We then adapted this model into a two-dimensional system using the level-set method to track the boundary. The ability to simulate a two-dimensional biofilm allows us to copy a biofilm’s shape from an experiment and closely compare the model to the physical system. We examined the voltage, the potassium, and the ThT fluorescence within the model. We are also able to examine the interactions between multiple biofilms within a flow cell and observe how separated biofilms synchronize by releasing potassium into the flow. The model demonstrates synchronization patterns similar to those in experiments.

This model can enable researchers to computationally explore this biofilm system in connection with their experiments. This model can be used to test hypotheses about the biofilms such as those relating to the growth speed, the effect of potassium on cells, and how collective oscillations can arise, or fail to arise, based on the individual behavior of the cells. The greatest benefit of this model is that we can compare the model’s results by directly copying the shapes of experimental biofilms, which allows researchers to study the two-dimensional properties of the system. For example, researchers can study the wave speed of the potassium signal through spatially segregated cells of differing phenotypes. We can also explore properties such as the emergence of oscillations within a single biofilm and the synchronization between separated biofilms within a single flow cell. Understanding the spatial properties of the system can help scientists find methods to control the biofilm’s growth and dispersal in more realistic environments, potentially leading to new ways to treat biofilm growth and any associated infections.

In future research, we would like to further explore cellular metabolism and the synchronization of oscillations initializing from different regions within a biofilm. First, we would like to understand how a rise in external potassium disrupts cellular metabolism. We believe that this study could provide a better understanding of the cellular mechanisms that create biofilm-wide oscillations. In particular, studying metabolism could give us further insight into the depolarization and recovery process of a cell and how it regulates growth using a mechanism such as the Grow Mode presented here. We would then like to explore how metabolism and changes in growth rates either lead to synchronicity within the biofilm or allow for regional divergence in oscillations within large biofilms.

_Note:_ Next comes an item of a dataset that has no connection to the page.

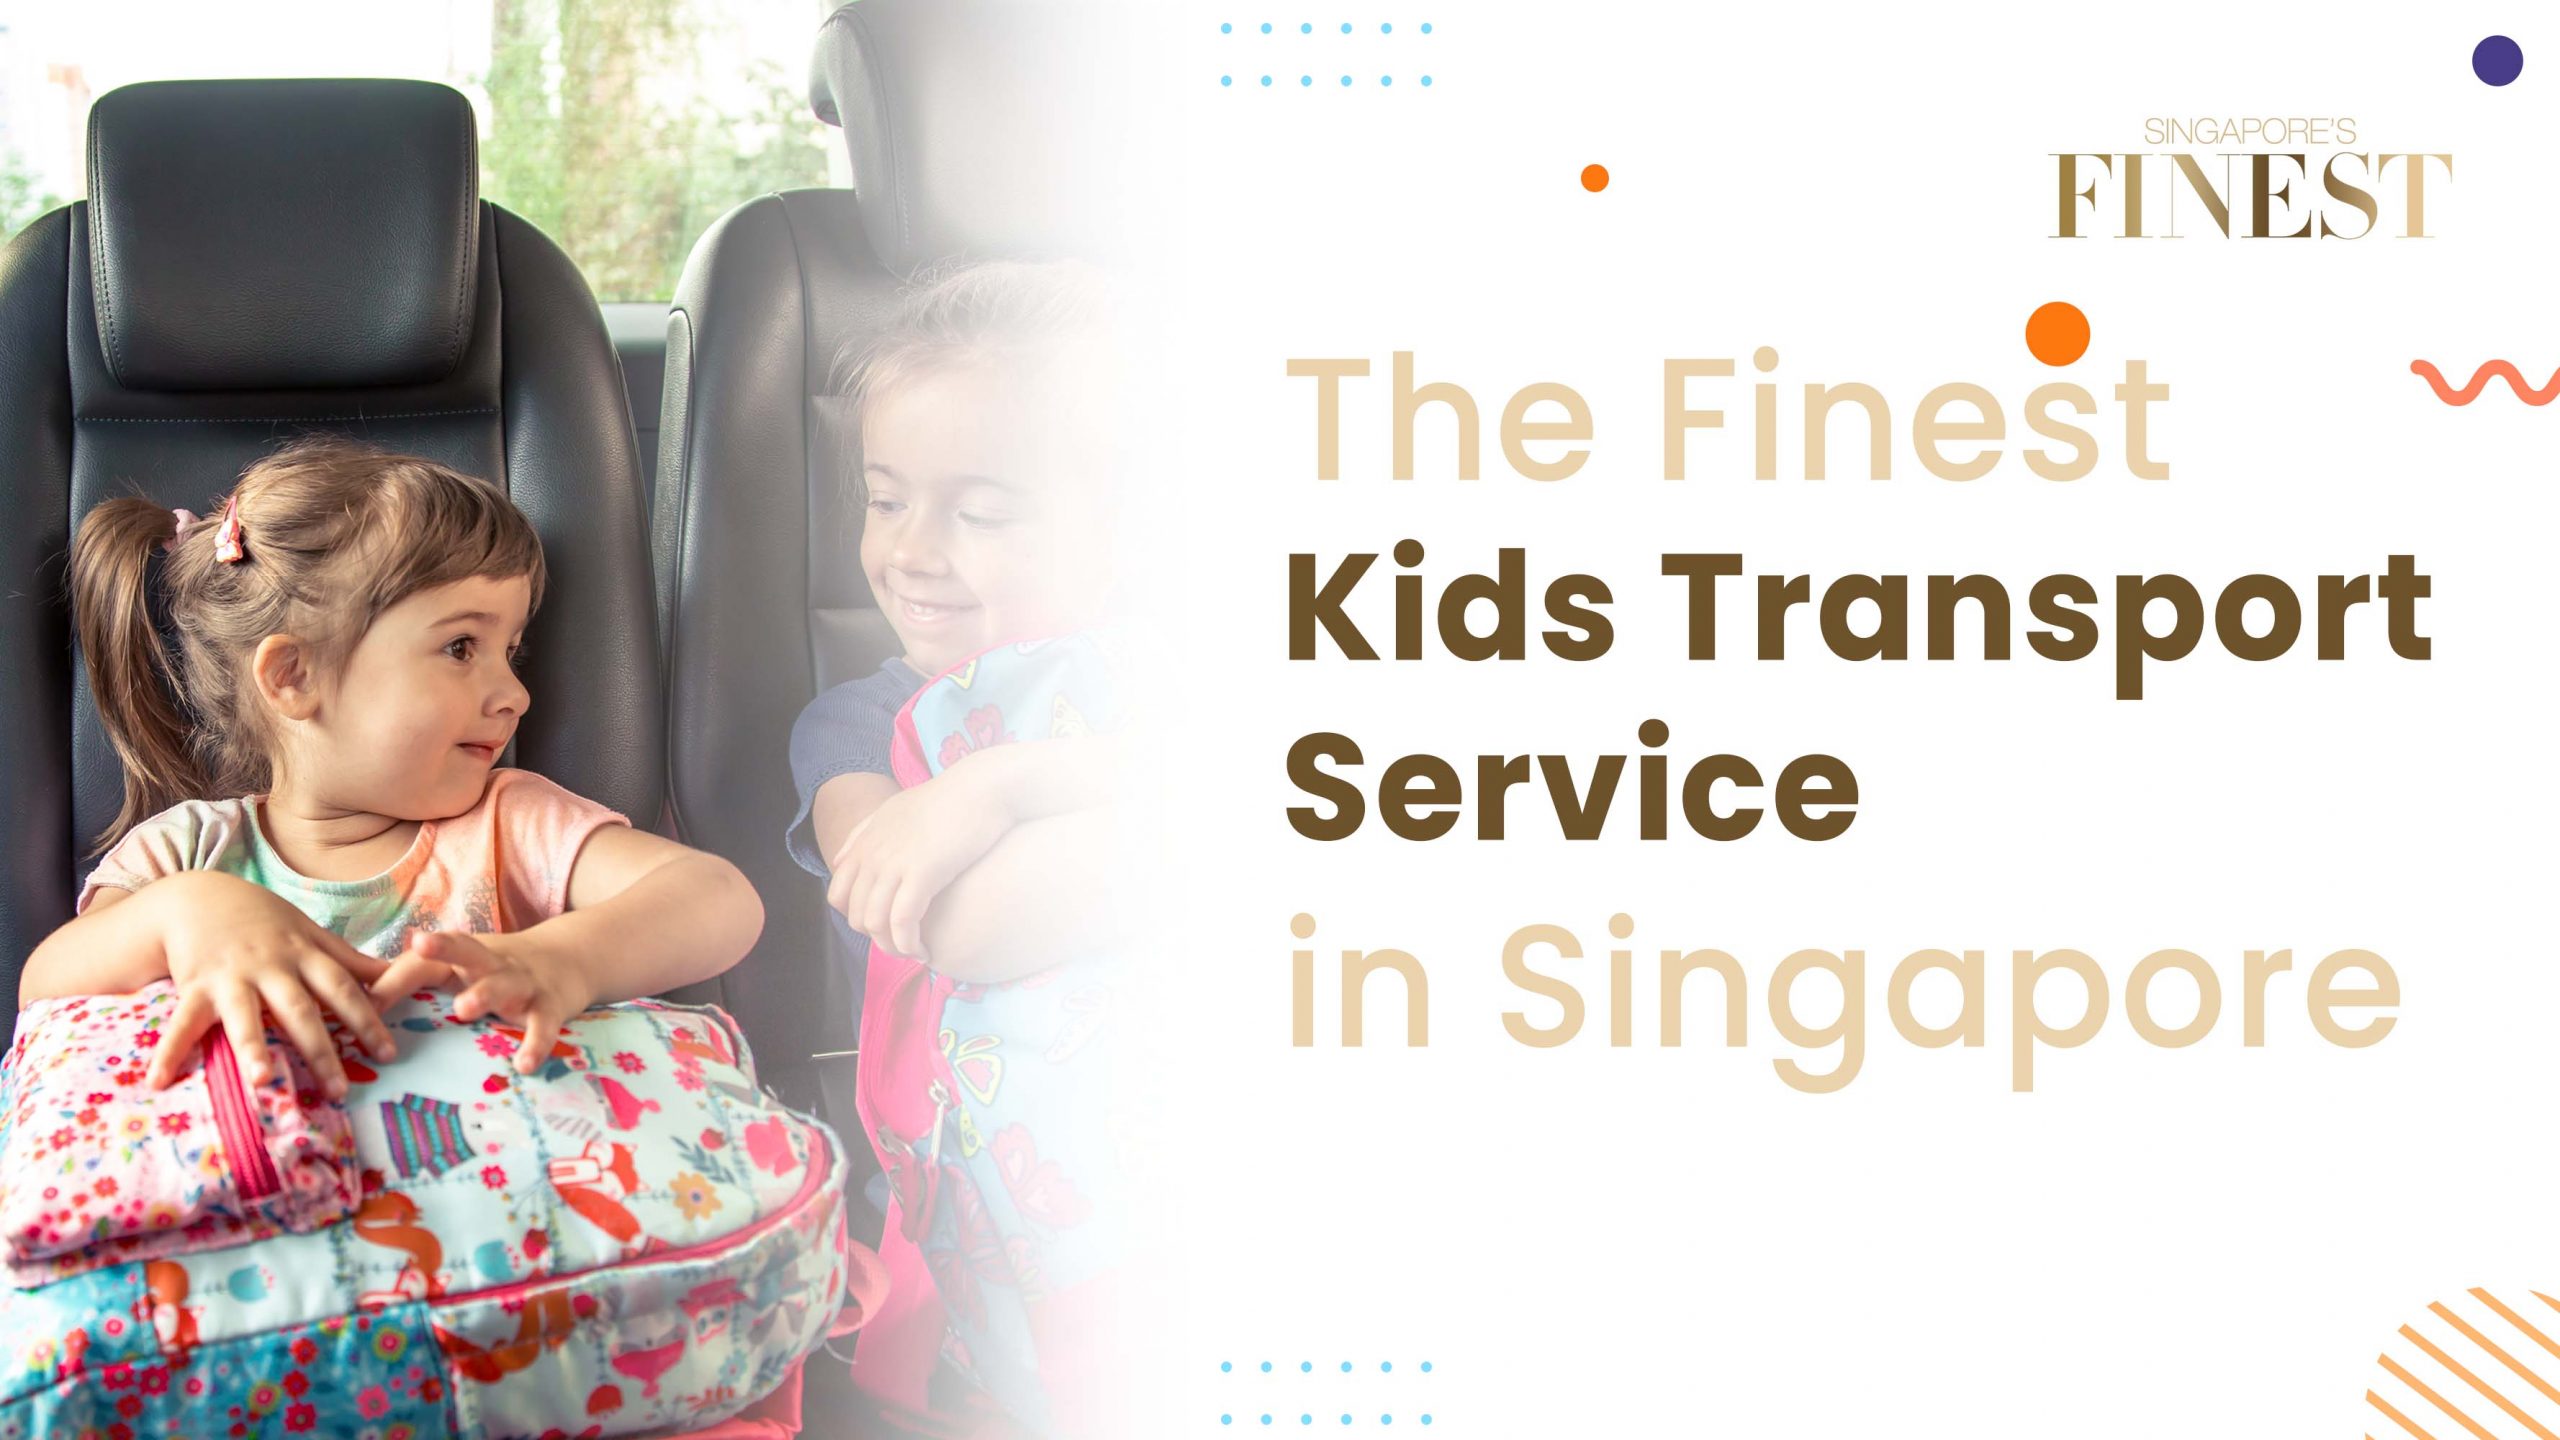 The Finest Transport Service for Kids in Singapore

This oscillatory behavior of Bacillus subtilis involves many complex processes, and we are just beginning to put the pieces together. Understanding the components of the oscillations could inspire new methods to influence and even control certain biofilms’ behavior, such as the attachment and growth, using potassium signaling. These new control methods would not rely on harsh treatments such as antibiotics but on adjusting the biofilm’s environmental conditions to influence its oscillatory behavior.